There are much more severe forms of double-dealing in the name of homo-nationalism.
The slave-driving corporate cesspool of unchecked capitalism known as Disney donated $2 million to a super pac known as Conservative Solutions which raised more than $16 million for the 2016 presidential campaign of Republican Marco Rubio.
Rubio has been an outspoken proponent of:
- Stripping people of abortive rights
- Keeping minimum wage barbarically low
- Disallowing people from using the bathroom of the gender they identify as
- Amendments to prevent same-sex marriage
- Unequal pay for women
- A corporate tax-cut rate of 25% and eliminating taxes on capital gains
- The death sentence
- Enforcing federal laws on states that have legalized marijuana use
- Ending the Department of Education
- “Theistic evolution” being taught in schools
- Private lenders getting percentages of students’ incomes
- More scholarships for private schools
- Not addressing global warming (as it would harm the economy to do so)
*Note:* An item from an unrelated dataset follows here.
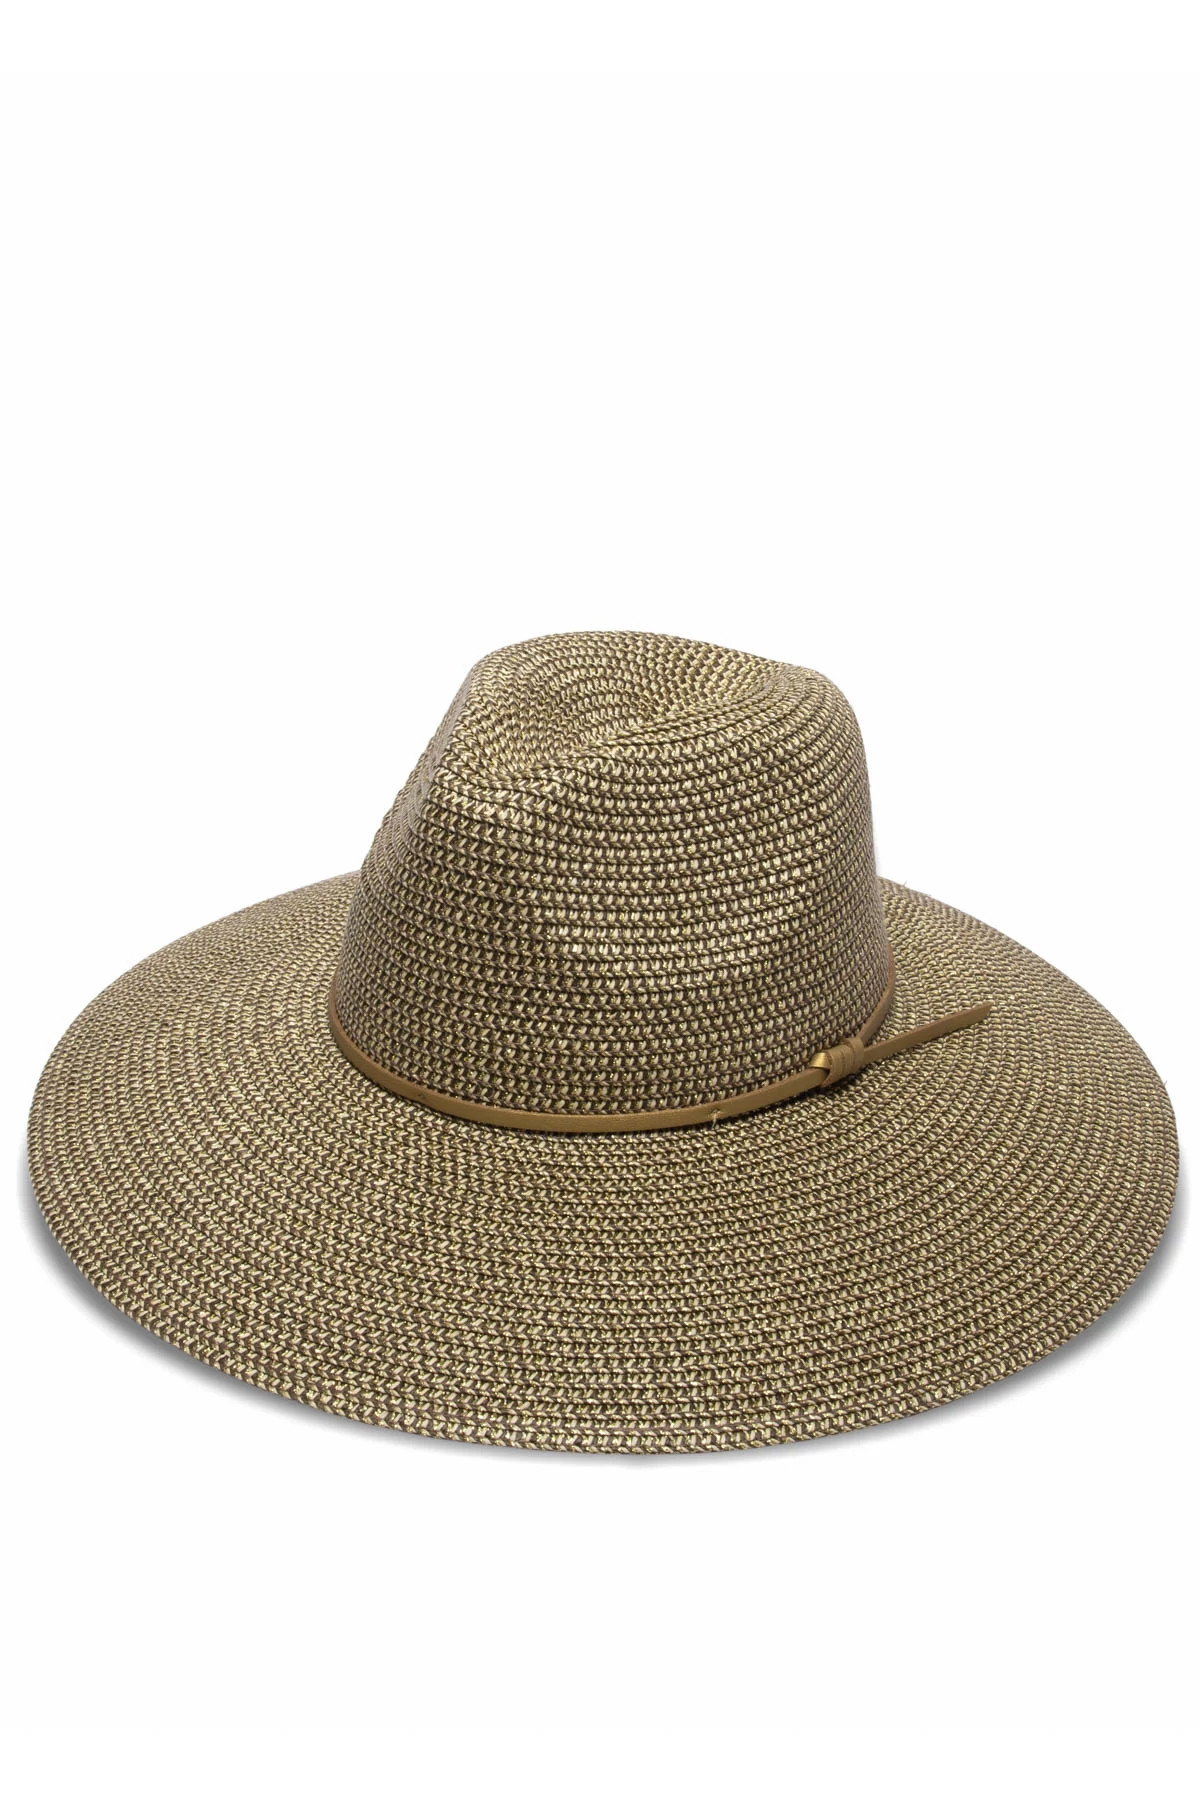 GOLD Harper Panama Hat image number 1

All of these issues either directly or indirectly apply to the LGBTQ+ community (don’t forget to be inter-sectional, kids) — and therefore implicates both Rubio and Disney with homophobia and transphobia.
Of course, it is not right to not fight outward oppression any more (or less) without questioning our own actions to determine whether or not we are committing self-sabotage or perhaps paying for conservative candidates of office to commit human rights abuses.
To quote a Lana Del Rey tweet, “Reputation is what men and women think of us; character is what God and angels know of us.”
Obviously we do not vote for people or give our business to industries for their reputation (instead of their character) — but by researching where we put our money, and for starters you can take all your money out of the three dozen banks that funded the Dakota Access Pipeline, including:
- Wells Fargo
- Citibank
- Comerica Bank
- U.S. Bank
- JPMorgan Chase
- Bank of America
- Goldman Sachs
- Deutsche Bank
And putting it in a credit union, which is basically a co-op for money.
Speaking of respectable grocery stores, why not shop at one like Trader Joe’s that pays it’s workers well (about $13 an hour), sources produce locally, keeps it’s money out of politics (donating only $30,452 in the 2016 election cycle, their biggest donation was to comrade Bernie Sanders) and donates a portion of its products to food banks. In 2013, over $260,000,000 worth of foodstuffs were given to help fight hunger.
You’re poor? Try Costco!
- Costco’s average pay, for example, is $17 an hour, 42 percent higher than its fiercest rival, Sam’s Club.
- Costco CEO Jim Sinegal’s total yearly compensation as a Costco company executive, including salary and bonuses, was only $629,000.
- Analyst Bill Dreher of the same Deutsche Bank that funded the Dakota access pipeline, complained last year that at Costco “it’s better to be an employee or a customer than a shareholder;” and an angry capitalist is always a good thing.
Need clothes? Try local thrift stores and small (preferably family owned) small businesses.
Buy used, D.I.Y or at least inexorbitantly.
People seem to think it’s inconvenient, unaffordable or unattainable to be a communist. Quite the contrary, as long as you’re not a purist. Contradictory to reason, people think it’s unsociable to be a socialist — to which you ask why they think being compassionate is antisocial.
Remember: As long as Citizens United stands and companies like Goldman Sachs and Disney put millions of dollars into politics (and to conservative candidates at that) — so too must we vote with our money. We must be more responsible.